The Scunthorpe steelworks were bought as part of Tata's purchase of Corus

Tata Steel, one of the world's biggest steelmakers, has posted a net loss in the fourth quarter, blaming weakness in Europe.

It made a loss of 65.29bn rupees ($1.2bn; £780m) in the period from a profit of 4.33bn rupees a year earlier.

It warned that demand in Europe is expected to remain "severely depressed" for some time.

Last week, the company announced a $1.6bn writedown on the value of its European assets.

Revenue rose 1% to 341.8bn rupees in the January-March period from a year earlier, it said. Analysts had expected a profit of 3.64bn rupees on sales of 350bn rupees.

"Europe's economic deterioration last year reversed the modest recovery in European steel demand that had been going on since 2009 and our deliveries fell as a consequence," said Karl-Ulrich Koehler, chief executive of Tata Steel Europe.

Its UK operations include works at Scunthorpe, Port Talbot and Rotherham. The company paid $13.7bn for Anglo-Dutch steelmaker Corus in 2008.

The writedown announced last week underlines the slowdown in European economies and overcapacity in the steel market.

In February, Tata Steel's European operations reported a £50m loss, and last year almost 500 jobs were shed at the Port Talbot steelworks.

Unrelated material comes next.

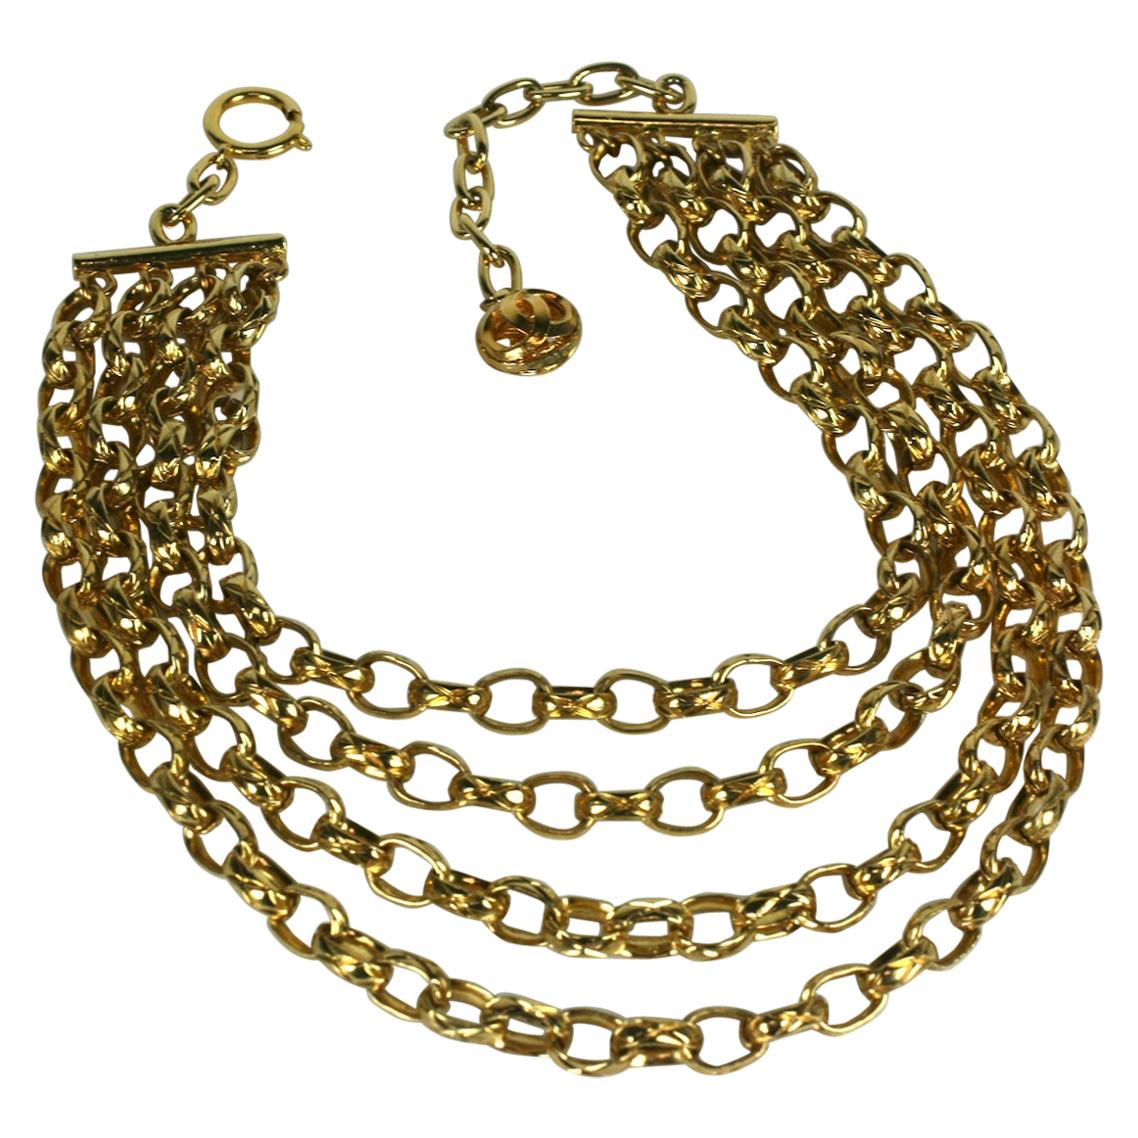 Chanel 4 Strand Textured Chain Necklace

The company employs about 33,000 people in Europe, of which more than 18,000 work in the UK.

The company said that European steel demand fell by nearly 8% last year, "which in aggregate results in almost 30% since the emergence of the global financial crisis in 2007".

Tata Steel is part of the huge Tata Group, whose interests stretch from tea, aircraft charters, hotels, and cars, including the UK's Jaguar Land Rover.